Understanding the concept of a common denominator is crucial when dealing with algebraic fractions. It refers to a shared denominator that two or more fractions have, which makes addition, subtraction, and comparison of fractions possible. In algebra, finding the common denominator can simplify equations and make further manipulation easier.

For instance, in the equation \(x-\frac{6}{x-3}=\frac{2x}{x-3}\), the term \(x-3\) is the common denominator. It's the shared bottom part of both fractions. This common denominator is a critical starting point for solving the equation, as it allows you to manipulate the equation in a way that eliminates the fractions altogether. The strategy here is to multiply every term by the common denominator, which leads us to the next concept—clearing fractions.

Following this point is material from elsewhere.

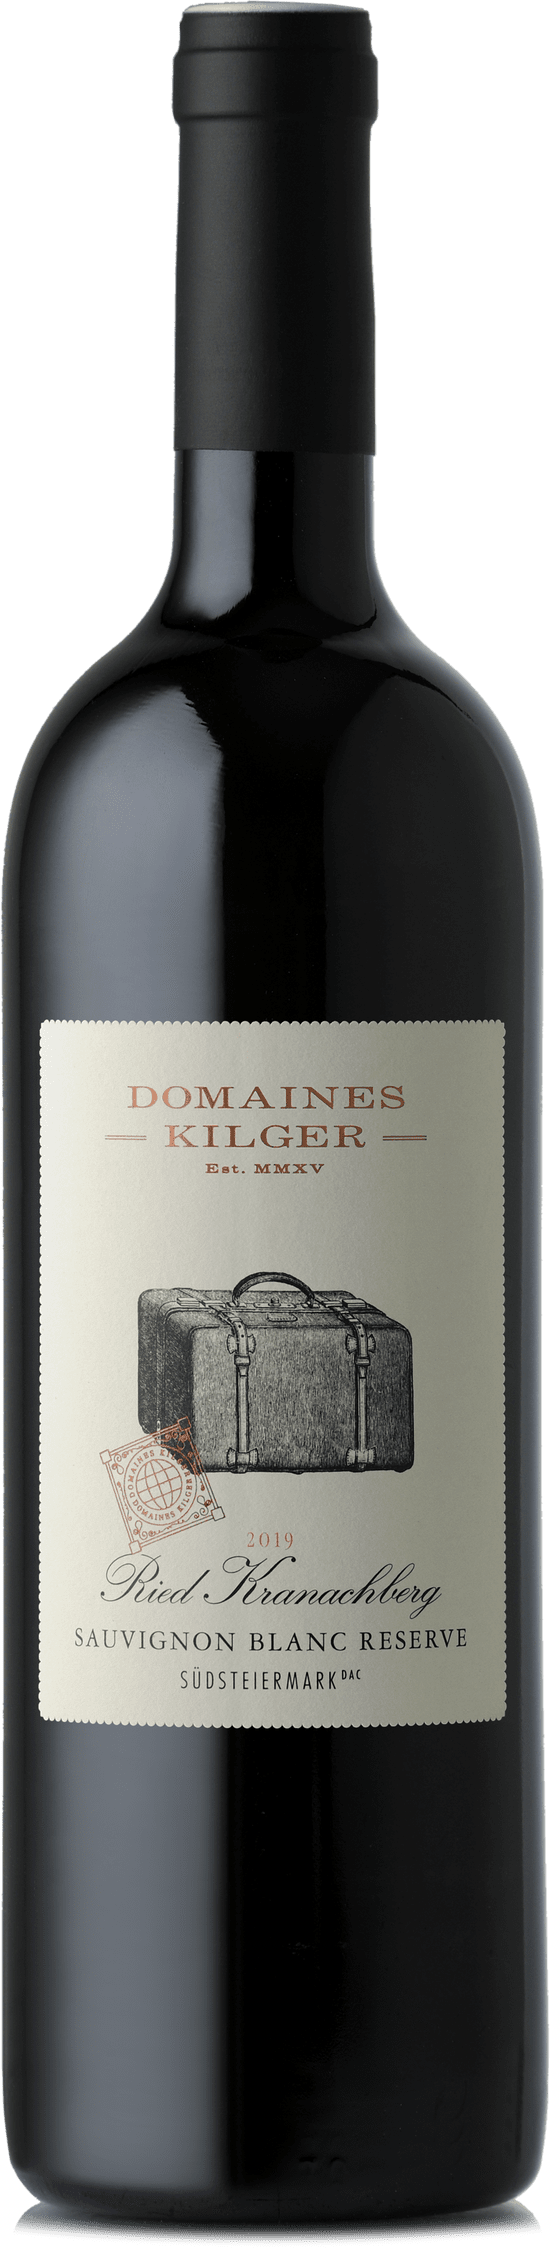 2019 Magnum Sauvignon Blanc Ried KRANACHBERG Reserve DAC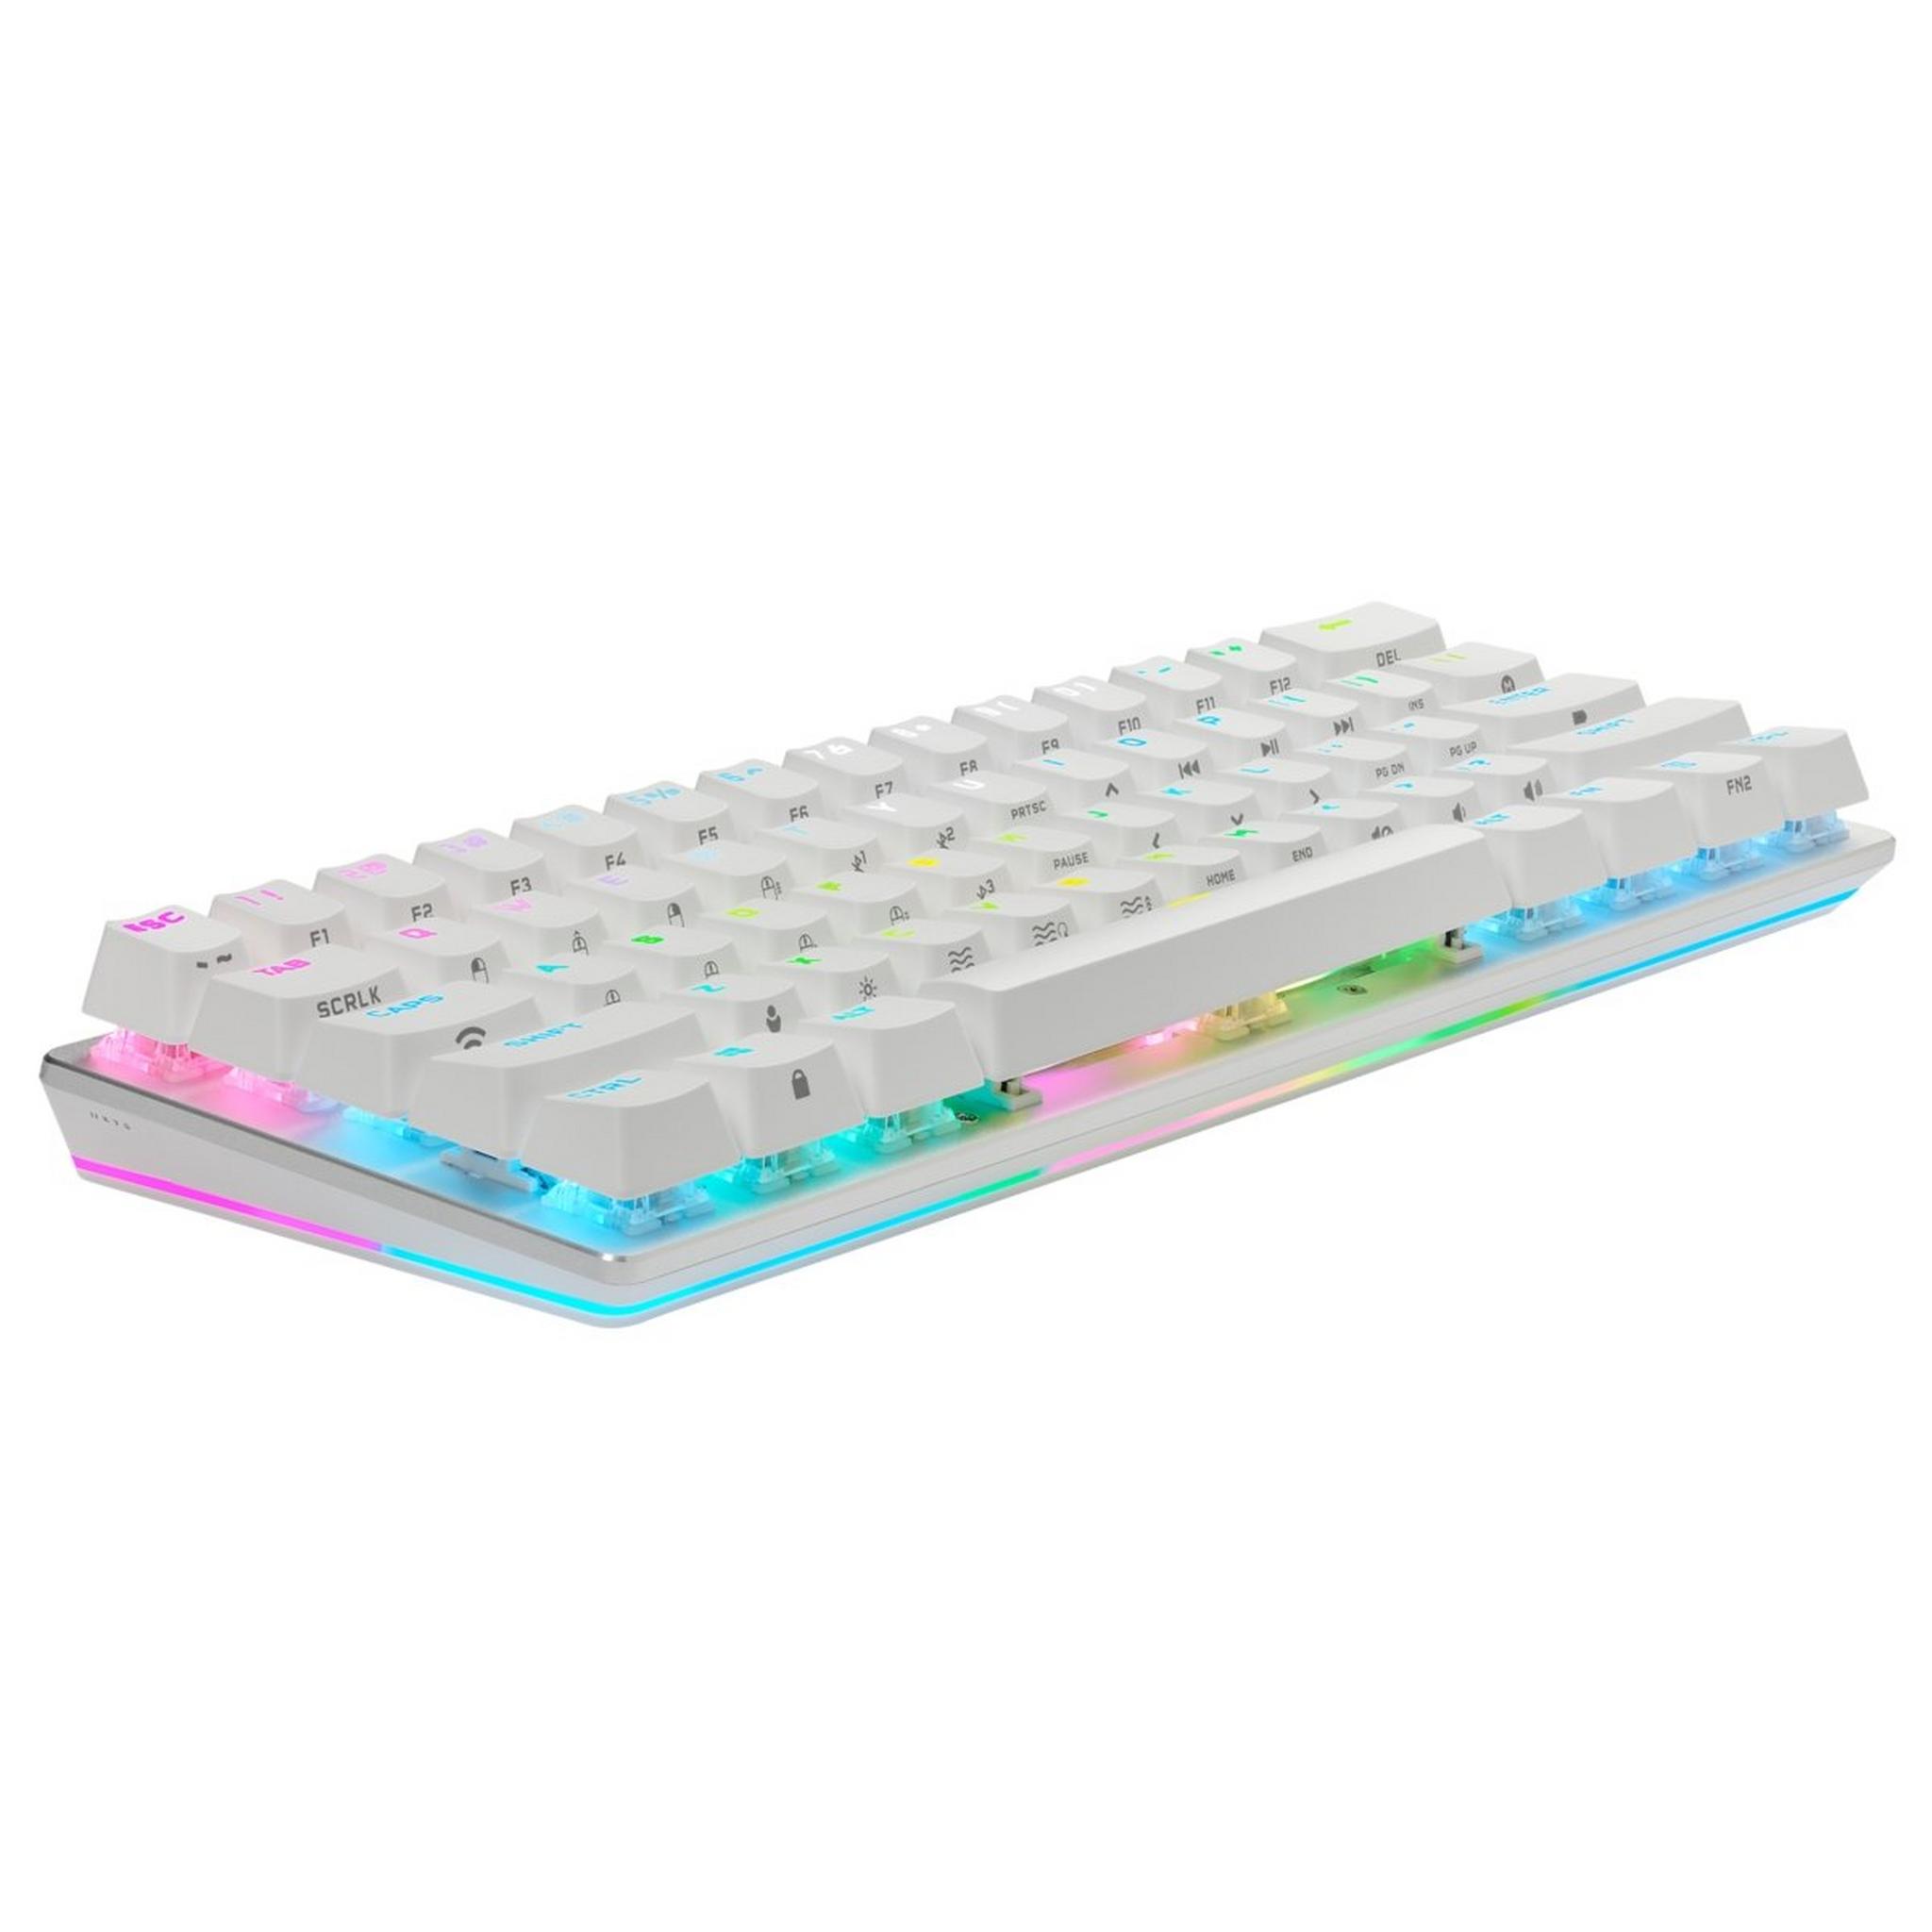 Corsair K70 Pro Mini Wireless RGB Keyboard - White

Clearing fractions from an equation can transform a potentially complex problem into a much more manageable one. This technique involves multiplying every term in the equation by the common denominator. The purpose is to get rid of the fractions, leaving behind a simpler, whole-number equation that is easier to solve.

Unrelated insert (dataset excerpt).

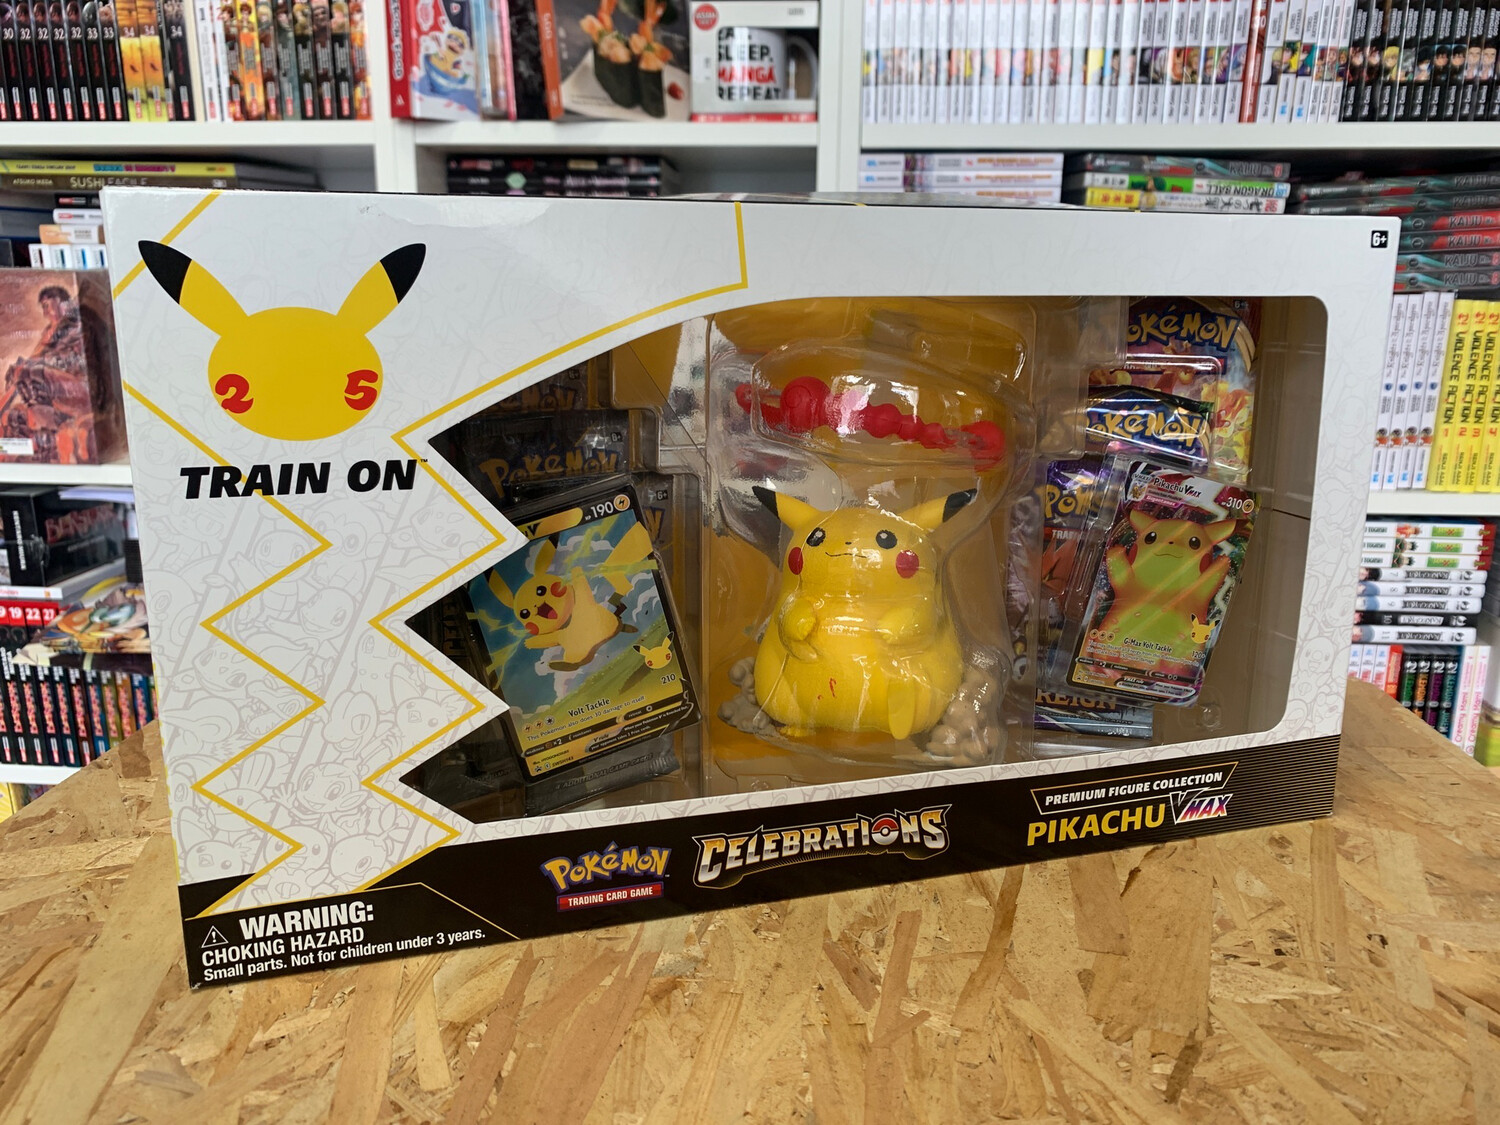 Premium figure collection Pikachu vmax

By using this method on our exercise, \(x-\frac{6}{x-3}=\frac{2x}{x-3}\), when we multiply each term by the common denominator \(x-3\), we eliminate the denominators, forcing the x terms out of the fraction and simplifying the equation to \(x(x-3)-6=2x\), without any division remaining. It's akin to reducing the fraction to its most basic form before addressing the equation as a whole. This method streamlines the equation, preparing it for the next operation: factoring.

Once we have cleared the fractions and simplified the equation, we often end up with a quadratic equation. Factoring is a technique used to solve these equations, which typically take the form \(ax^2 + bx + c = 0\). This method involves breaking down the quadratic equation into a product of two binomial expressions that set to zero and solving for the variable x.

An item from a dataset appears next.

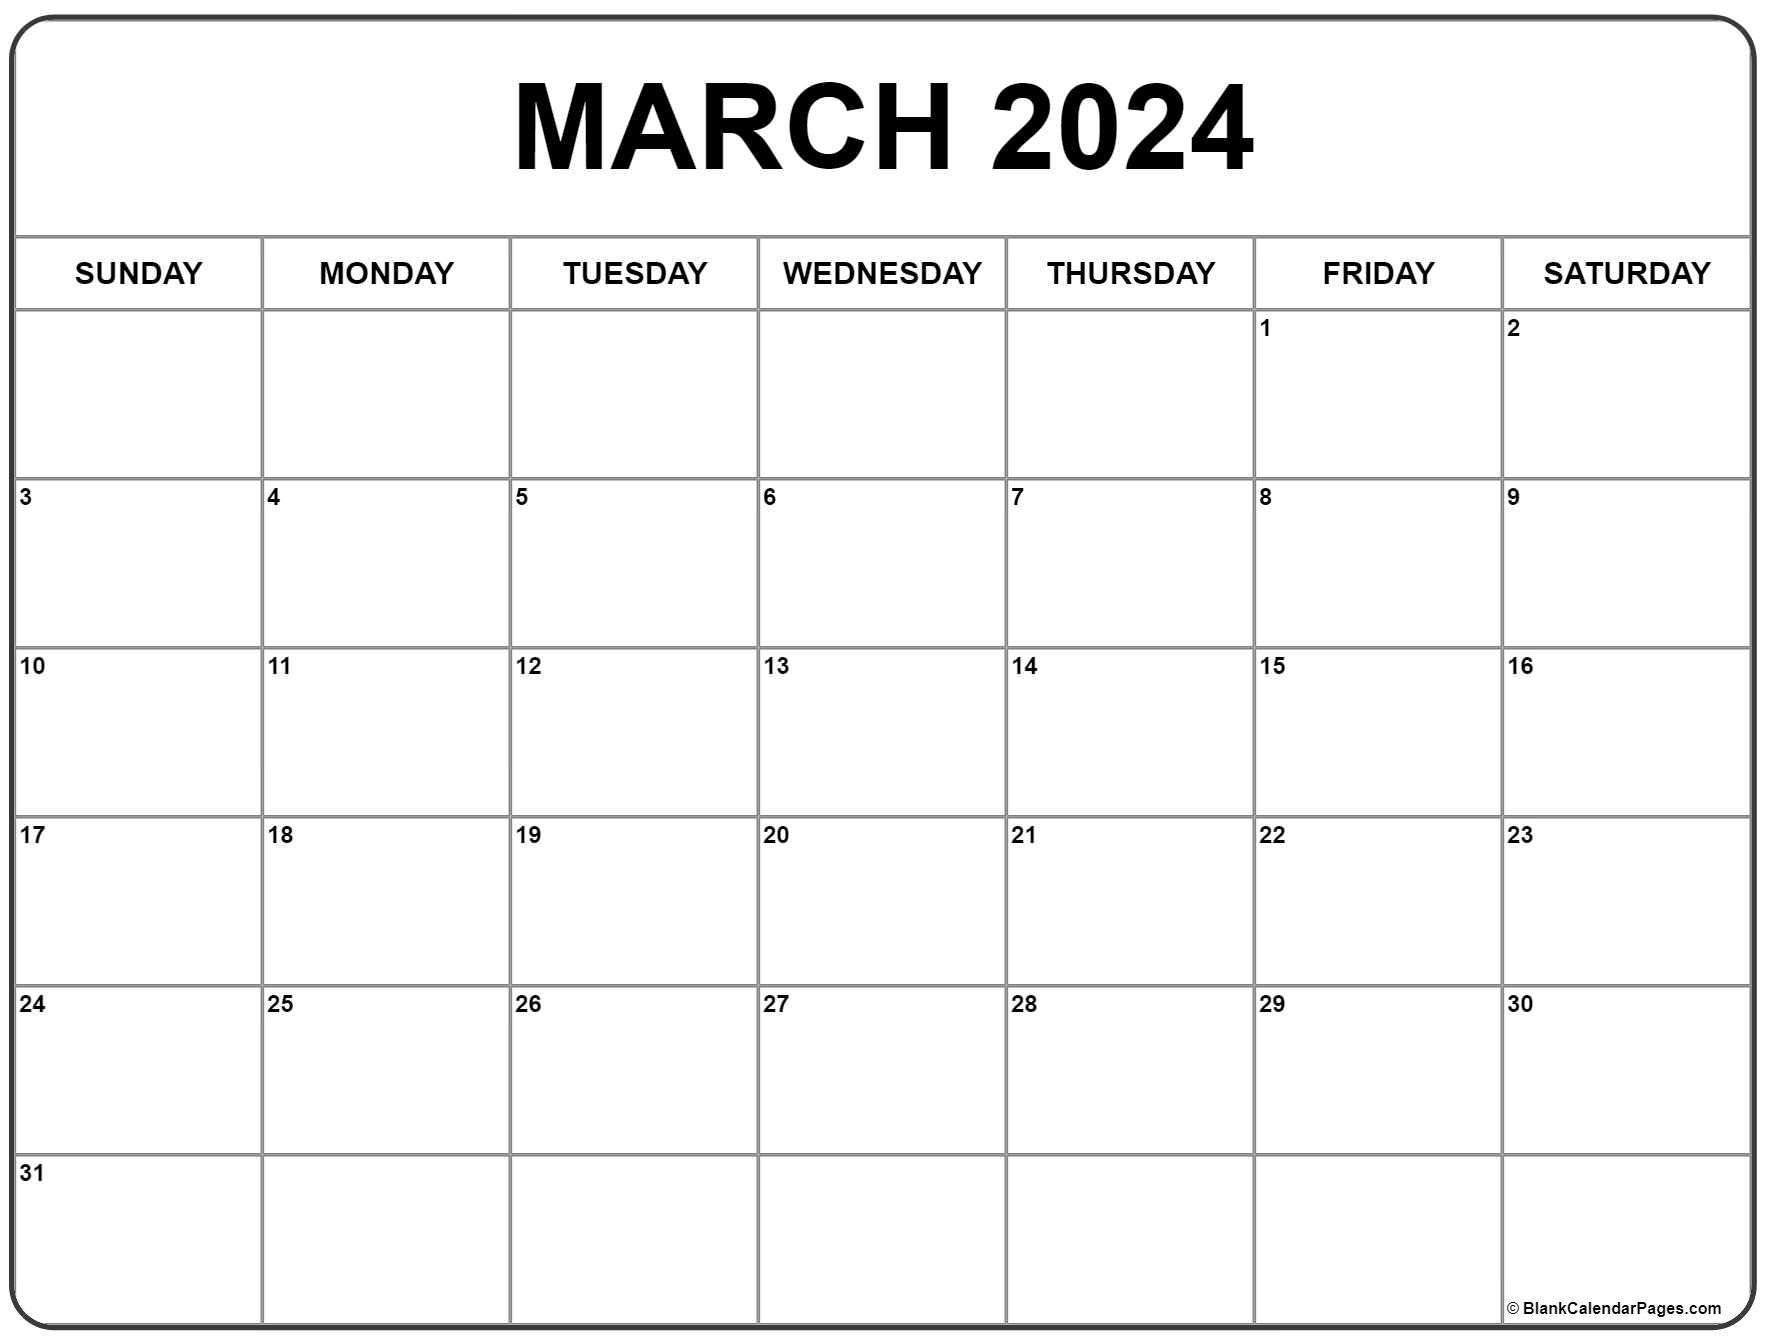 March 2022 Monthly Calendar March 2022 Calendar | Free Printable Calendar Templates

In our exercise example, once we've cleared fractions and simplified, we obtain \(x^2-5x-6=0\). Factoring this equation means finding two numbers that multiply to give -6 (the constant term) and add to give -5 (the coefficient of x). These numbers are -6 and +1, giving us the factors \(x-6\) and \(x+1\). Therefore, our factored equation is \(x-6)(x+1)=0\). The solutions are the values of x that make each factor equal to zero, so we set each binomial expression to zero and solve for x. We must also remember to check for any values that would make the original denominators undefined, as these cannot be solutions.